Boston Mayor Wu continues push for real estate transfer fee amid industry opposition

Boston is taking another crack at trying to impose a 2% tax on big-ticket real estate transactions, which officials say is a necessary step to fund affordable housing development, but the proposal continues to face resistance from industry groups.

Mayor Michelle Wu appeared before Beacon Hill lawmakers for a second straight year on Wednesday to testify in favor of a home rule petition she filed in 2022, that would add a real estate transfer fee for sales that exceed $2 million.

The seller would incur the fee, with proceeds payable to the City of Boston. The city would then deposit the money into a neighborhood housing trust, for the purpose of furthering housing acquisition, affordability, creation and preservation, and senior-homeowner and low-income-renter stability, the legislation states.

“We’re doing everything we can at the city level,” Wu said, citing efforts to overhaul the city’s zoning code for more housing affordability, provide tax incentives for converting offices into residential buildings, and provide financial assistance to homebuyers.

“But the one powerful tool that remains out of reach without legislative and gubernatorial approval is a transfer fee,” the mayor added at a Joint Committee on Revenue hearing at the State House.

In her testimony for the proposed bill, H.2793, Wu cited statistics that show roughly half of renters, and more than 40% of households, are cost-burdened, meaning that they pay more than 30% of their income on housing costs.

Rising housing costs are “deepening racial and socioeconomic disparities,” she added, pointing to stats that show nearly 60% of renters of color are cost-burdened compared to 38% of white renters.

A “modest 2% transfer fee,” Wu said, would translate to $10,000 for a $2.5 million property sale.
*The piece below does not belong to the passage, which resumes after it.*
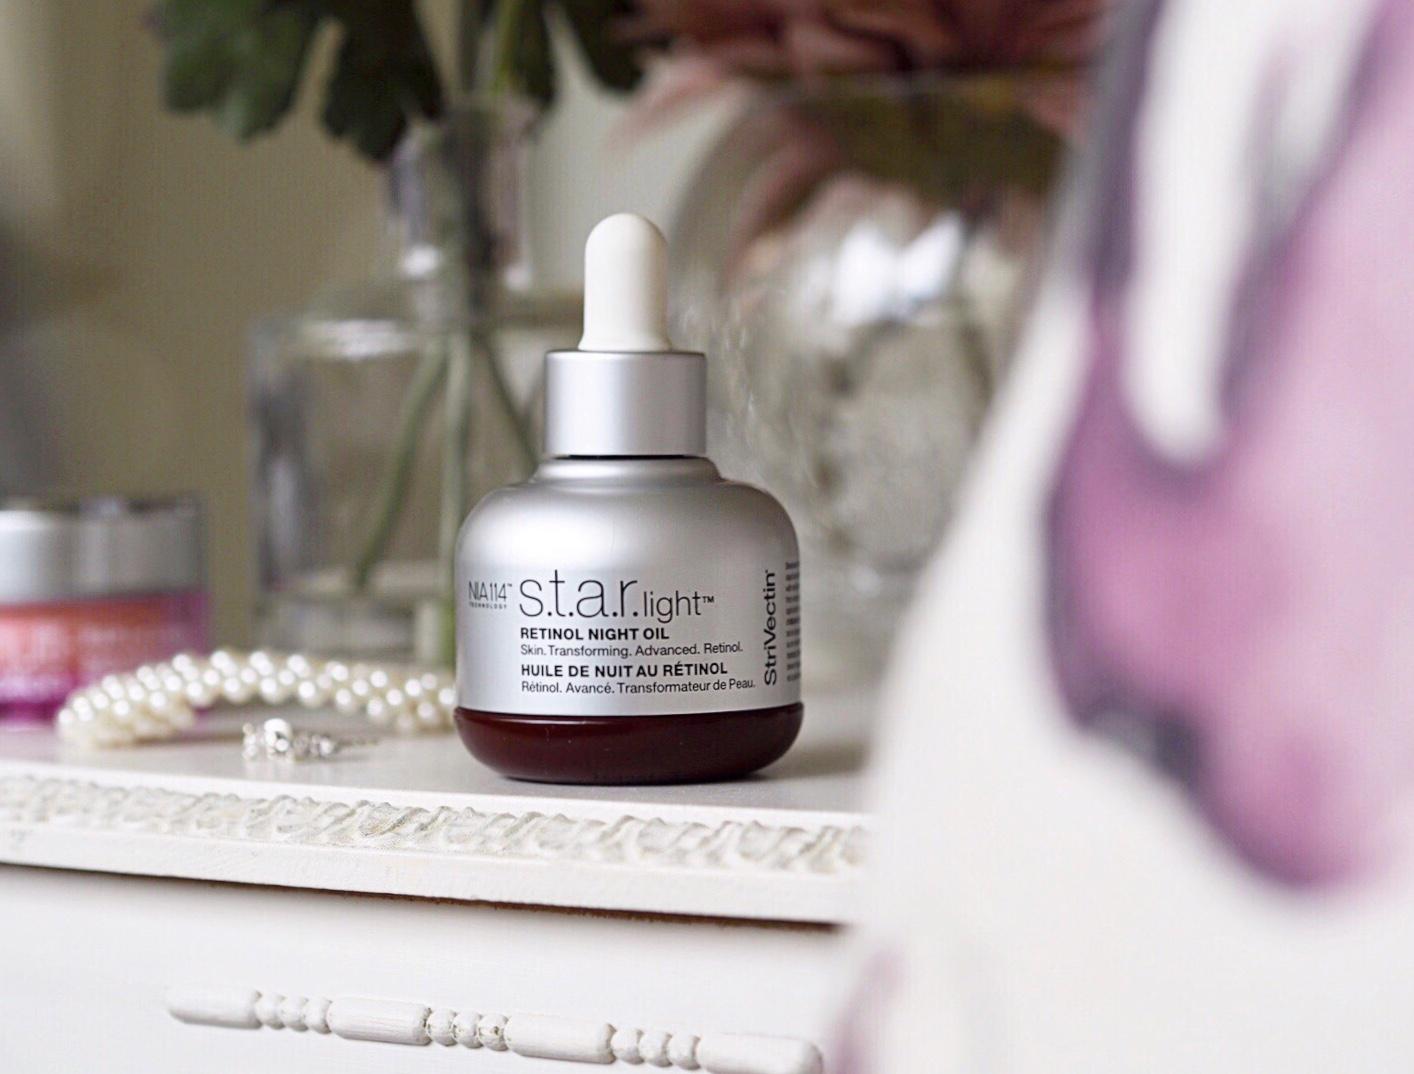 StriVectin Skin Transforming Retinol S.T.A.R. Light Night Oil The Beauty Spyglass

Based on 2021 data, the fee would have affected roughly 7% of sales that occurred that year, and generated up to $100 million in local revenue, she said.

“Revenue raised through this fee will help us build supportive housing and ensure that our seniors can stay in their homes,” Wu said. “It will help build new homes for families who have been forced out by skyrocketing prices and make it possible for more first-time homebuyers to put down roots and raise their families here in Boston.”